There are some other occurrences of this usage error (including T412960: Pool key 'dewiki:SpecialContributions:a:127.0.0.1' (SpecialContributions): Usage error: You may only aquire a single non-nowait lock.), but they’re a lot less common.

Impact

Only logspam, as far as we’re aware. But quite a bit of it.

Event Timeline

Presumably this is being triggered when we do a PoolCounter parse for a postprocessed ParserOutput, which then recursively triggers another PoolCounter parse of the canonical ParserOutput. I believe the entire thing is protected by the outer lock and so there is no practical impact other than logspam -- I triggered this during testing on simplewiki by doing a purge, and saw no reader-visible effects.
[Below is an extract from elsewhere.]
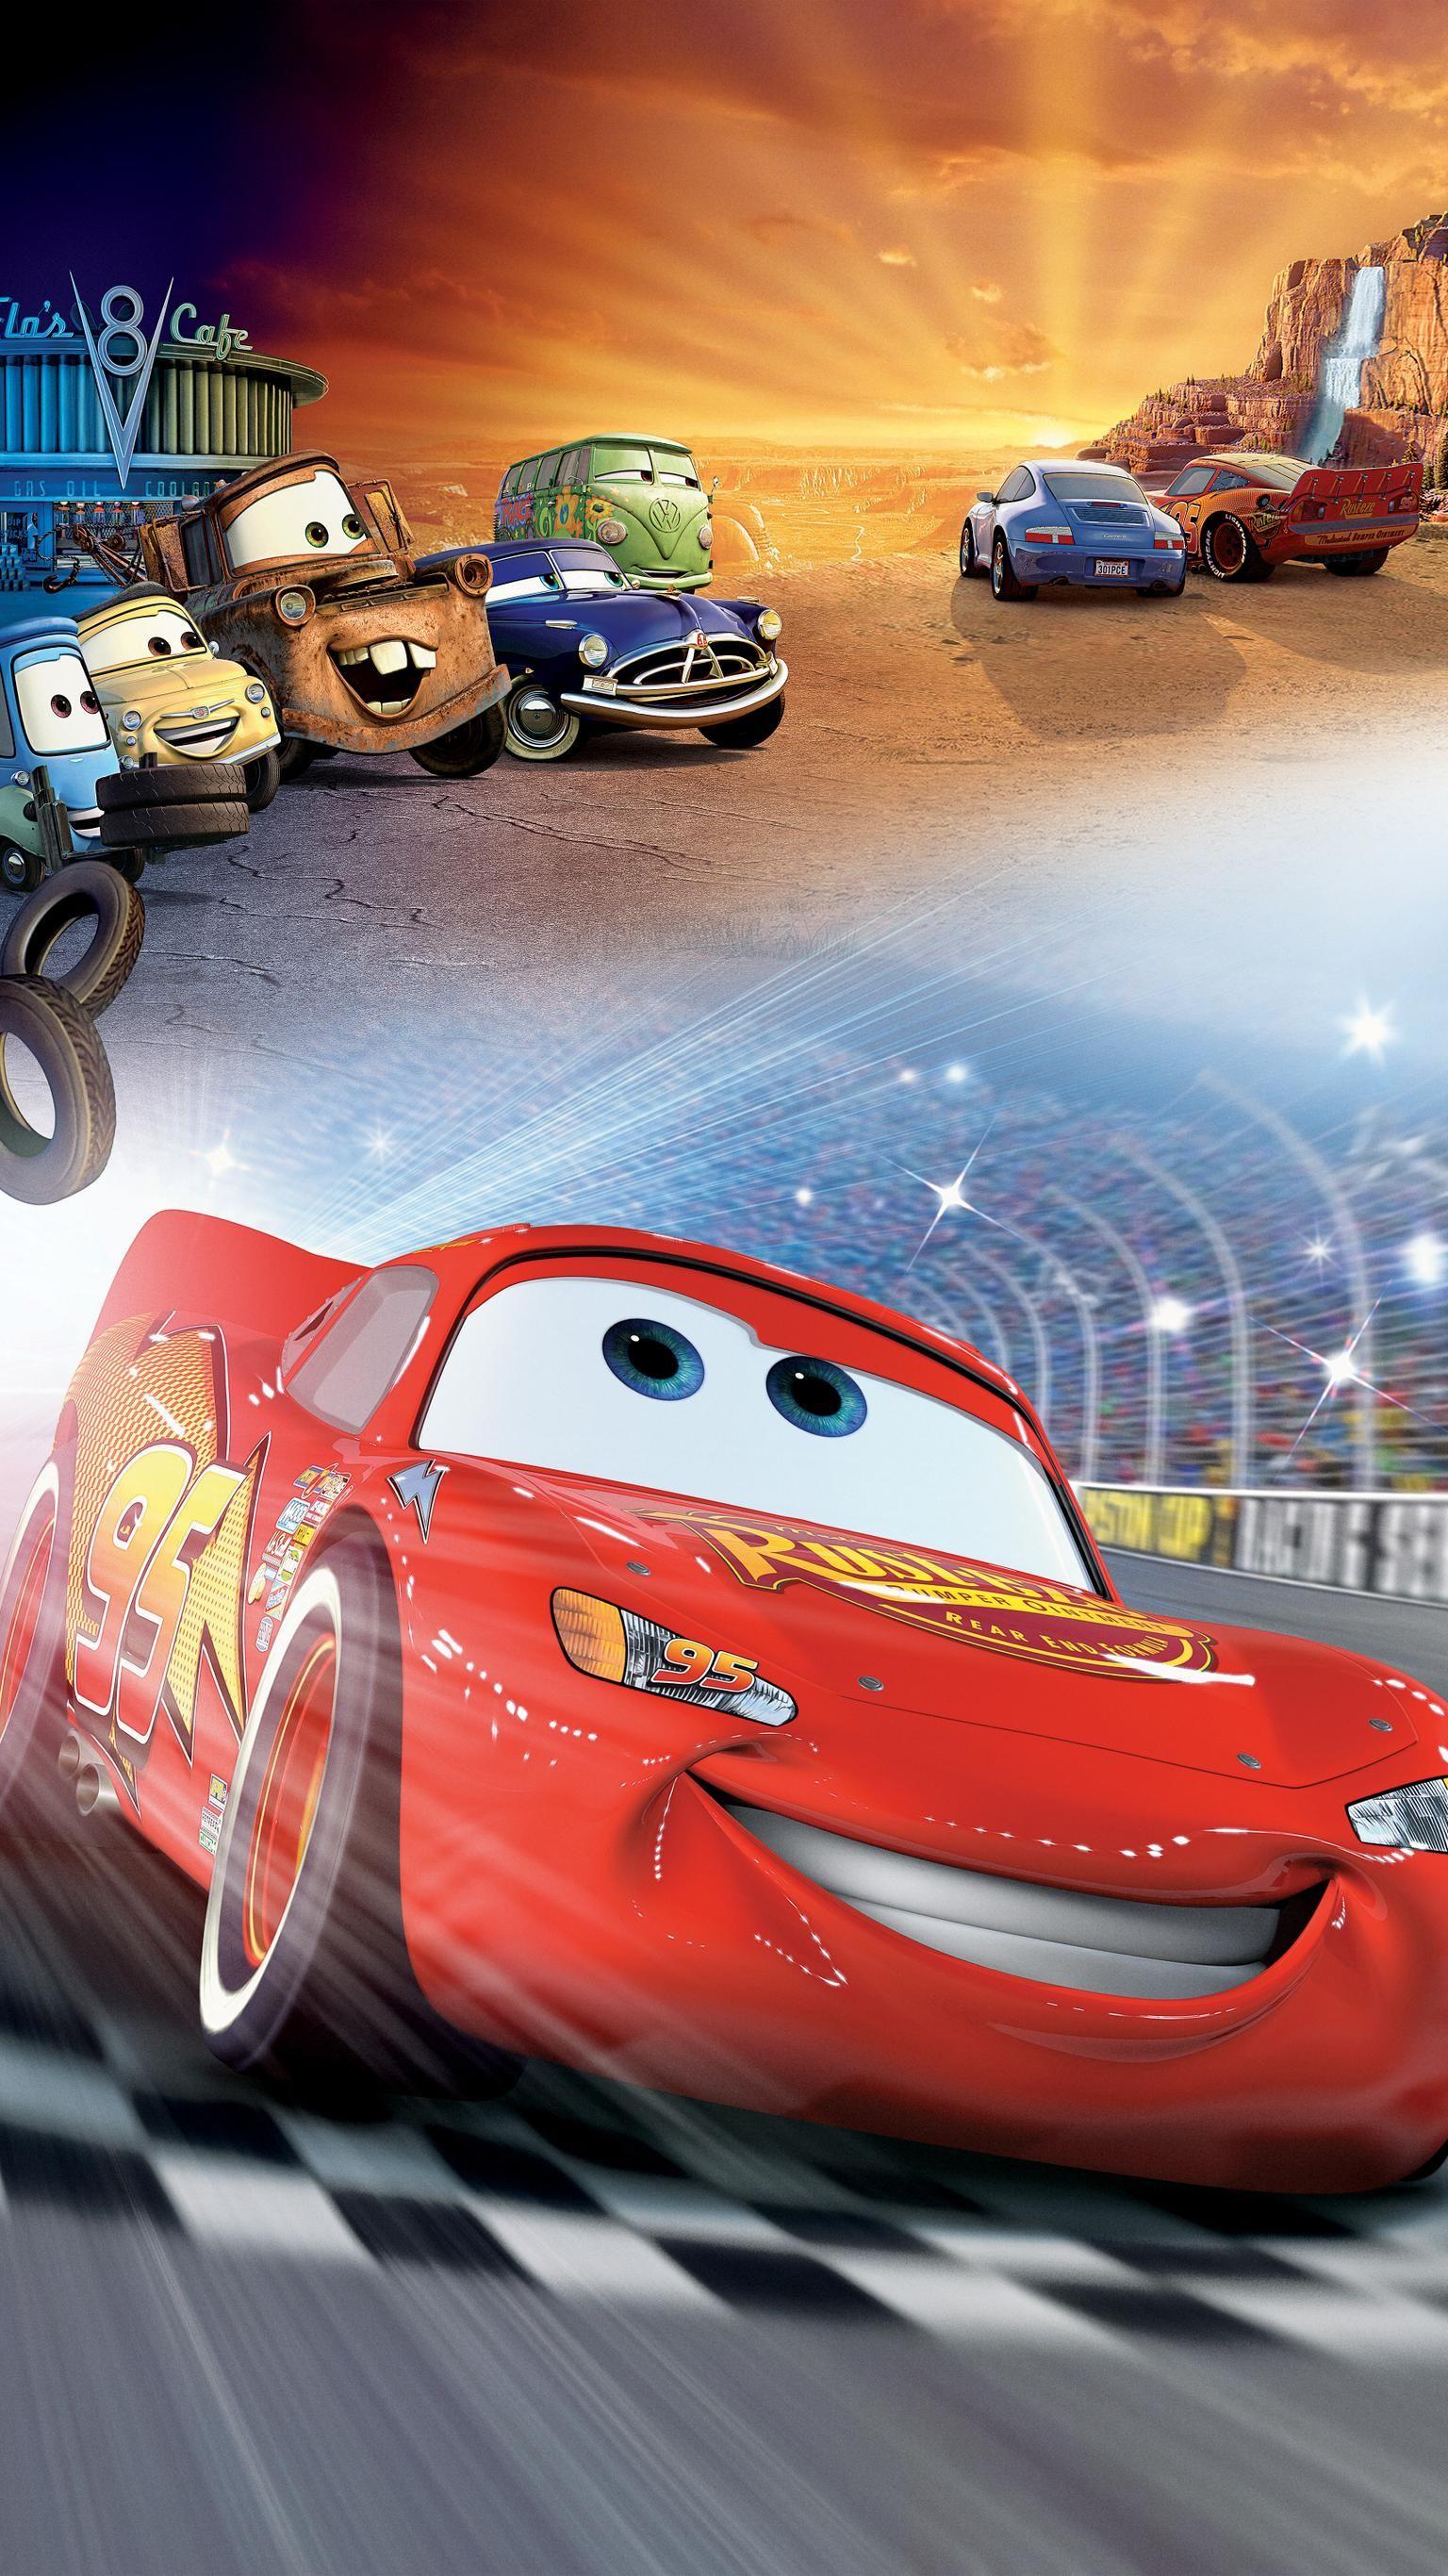 Cars 2006 Phone Wallpaper Moviemania Disney Cars Wallpaper Cars Movie Disney Pixar Cars

But we should fix the logspam and the underlying usage before rolling out the postprocessing cache further.

Change #1219197 had a related patch set uploaded (by C. Scott Ananian; author: C. Scott Ananian):

[mediawiki/core@master] ParserOutputAccess: don't use PoolCounter recursively

https://gerrit.wikimedia.org/r/1219197

Change #1219194 had a related patch set uploaded (by C. Scott Ananian; author: C. Scott Ananian):

[mediawiki/core@master] PoolCounter: fix typo in error message (aquire -> acquire)

https://gerrit.wikimedia.org/r/1219194

Change #1219197 merged by jenkins-bot:

[mediawiki/core@master] ParserOutputAccess: don't use PoolCounter recursively

https://gerrit.wikimedia.org/r/1219197

Change #1219194 merged by jenkins-bot:

[mediawiki/core@master] PoolCounter: fix typo in error message (aquire -> acquire)

https://gerrit.wikimedia.org/r/1219194

Change #1219216 had a related patch set uploaded (by C. Scott Ananian; author: C. Scott Ananian):

[mediawiki/core@wmf/1.46.0-wmf.5] ParserOutputAccess: don't use PoolCounter recursively

https://gerrit.wikimedia.org/r/1219216

Change #1219217 had a related patch set uploaded (by C. Scott Ananian; author: C. Scott Ananian):

[mediawiki/core@wmf/1.46.0-wmf.7] ParserOutputAccess: don't use PoolCounter recursively

https://gerrit.wikimedia.org/r/1219217

Change #1219216 merged by jenkins-bot:

[mediawiki/core@wmf/1.46.0-wmf.5] ParserOutputAccess: don't use PoolCounter recursively

https://gerrit.wikimedia.org/r/1219216

Change #1219217 merged by jenkins-bot:

[mediawiki/core@wmf/1.46.0-wmf.7] ParserOutputAccess: don't use PoolCounter recursively

https://gerrit.wikimedia.org/r/1219217

Mentioned in SAL (#wikimedia-operations) [2025-12-17T21:09:38Z] <cscott@deploy2002> Started scap sync-world: Backport for [[gerrit:1219216|ParserOutputAccess: don't use PoolCounter recursively (T412959)]], [[gerrit:1219217|ParserOutputAccess: don't use PoolCounter recursively (T412959)]]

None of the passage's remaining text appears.